Пока меня били, мой сокамерник-провокатор сидел и причитал, словно цыган возле рожающей жены; если не заткнешься, рявкнули на него, тебе тоже достанется. Когда ко мне вернулось сознание, он присел рядом, краем своей рубахи отер мне лицо. «Подпиши, что они требуют. Чего ради ты все это терпишь? — умолял он меня. — Вот я — никто, ничто, а все же хочу пережить все это. Ты-то разве не хочешь? Чем несуразнее, что им надо, тем лучше. Согласись — этим ты их и обведешь вокруг пальца». В тот момент он говорил от себя, а не выполнял жалкое задание, вознаграждением за которое были, думаю, несколько сигарет да письмо из дому. Ход его мыслей продолжил на другой день мой следователь. «Вдумайтесь: если навстречу по дороге идет танк, что сделает любой нормальный человек? Отойдет в сторону. Кто поумнее, тот еще и на танк взберется.

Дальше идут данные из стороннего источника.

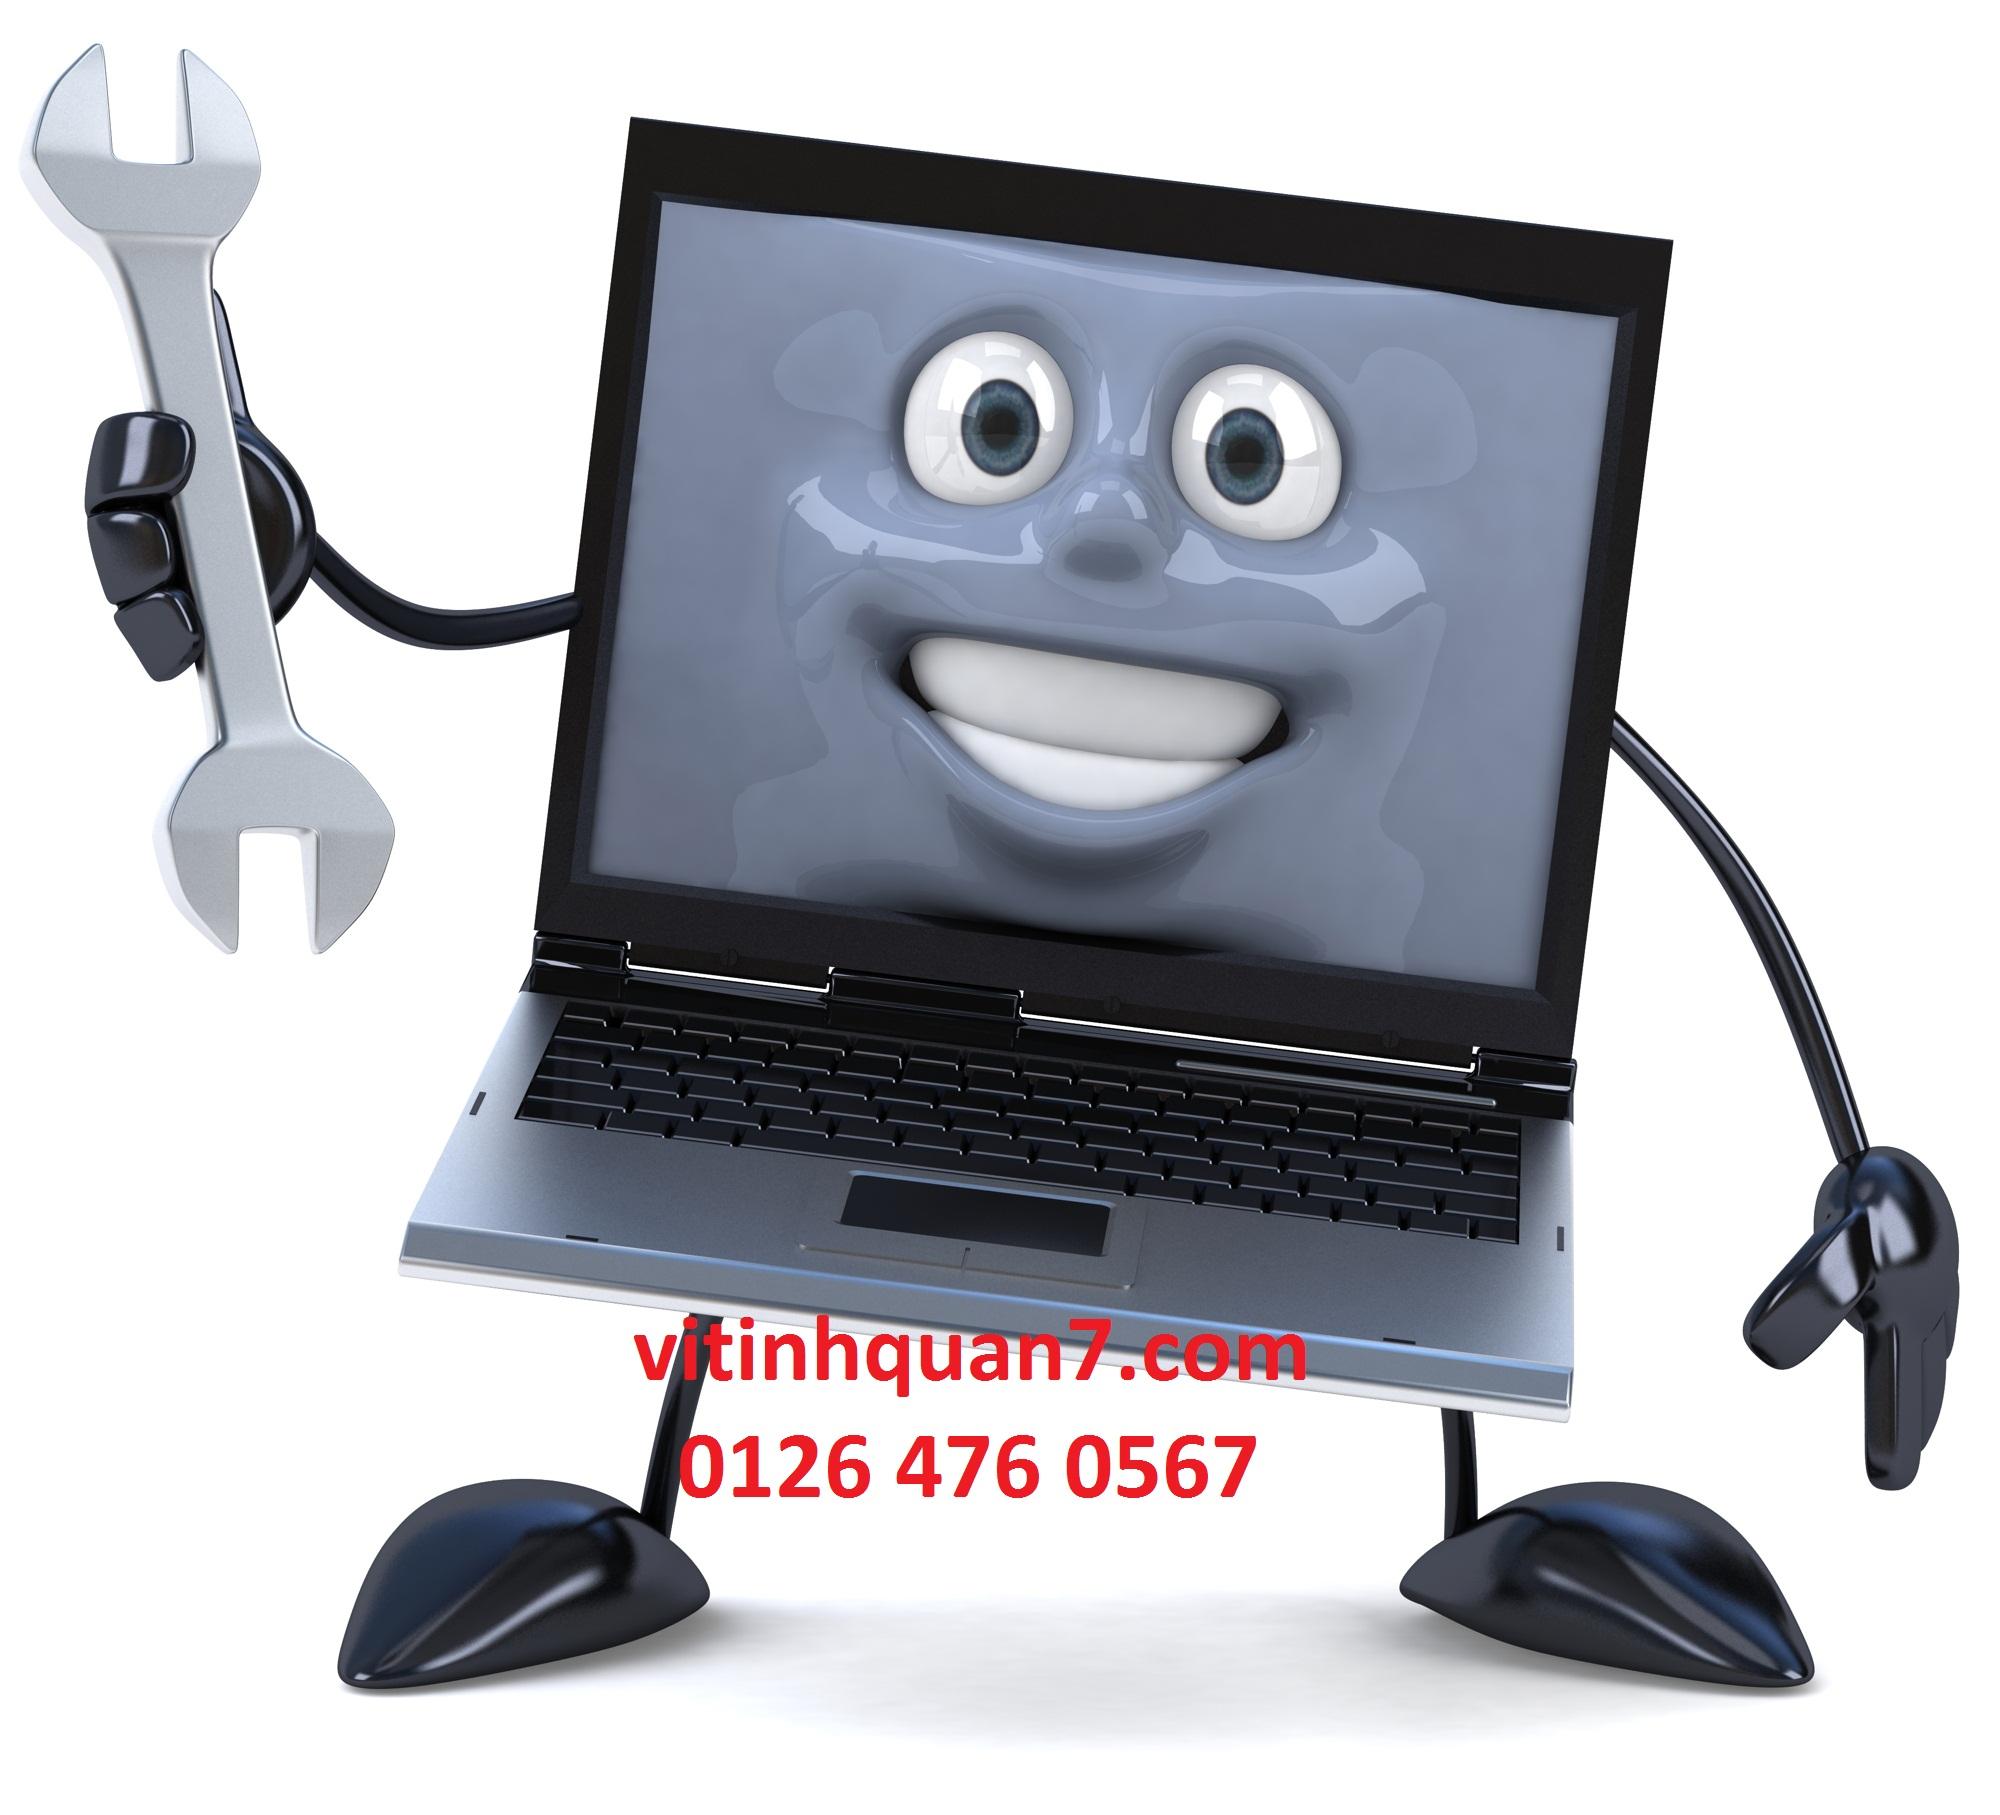 Sửa laptop tại nhà quận 2

Государство — это танк, человека оно способно раздавить, как букашку. На процессе вы скажете, что нам нужно, а потом думайте себе, что хотите. Другие вон — умнее, они все подписали». Открылась дверь, и в комнату, хромая, вошел уродливый, скрюченный гном, в котором я едва узнал своего друга, высокого стройного красавца. Не так давно, на правительственном приеме, за бокалом шампанского он признался мне: у него на счету более полутысячи женщин. Каким-то непонятным образом уменьшившись раза в полтора, он бочком примостился на стуле, словно старый бродяга в ночлежке. «Все подпишу, собственный смертный приговор подпишу, только не бейте больше. Позвольте спросить, нельзя ли меня повесить вне очереди?» И он еще сильнее скорчился, уменьшая площадь своей уязвимости, словно стремясь вообще не занимать место в пространстве.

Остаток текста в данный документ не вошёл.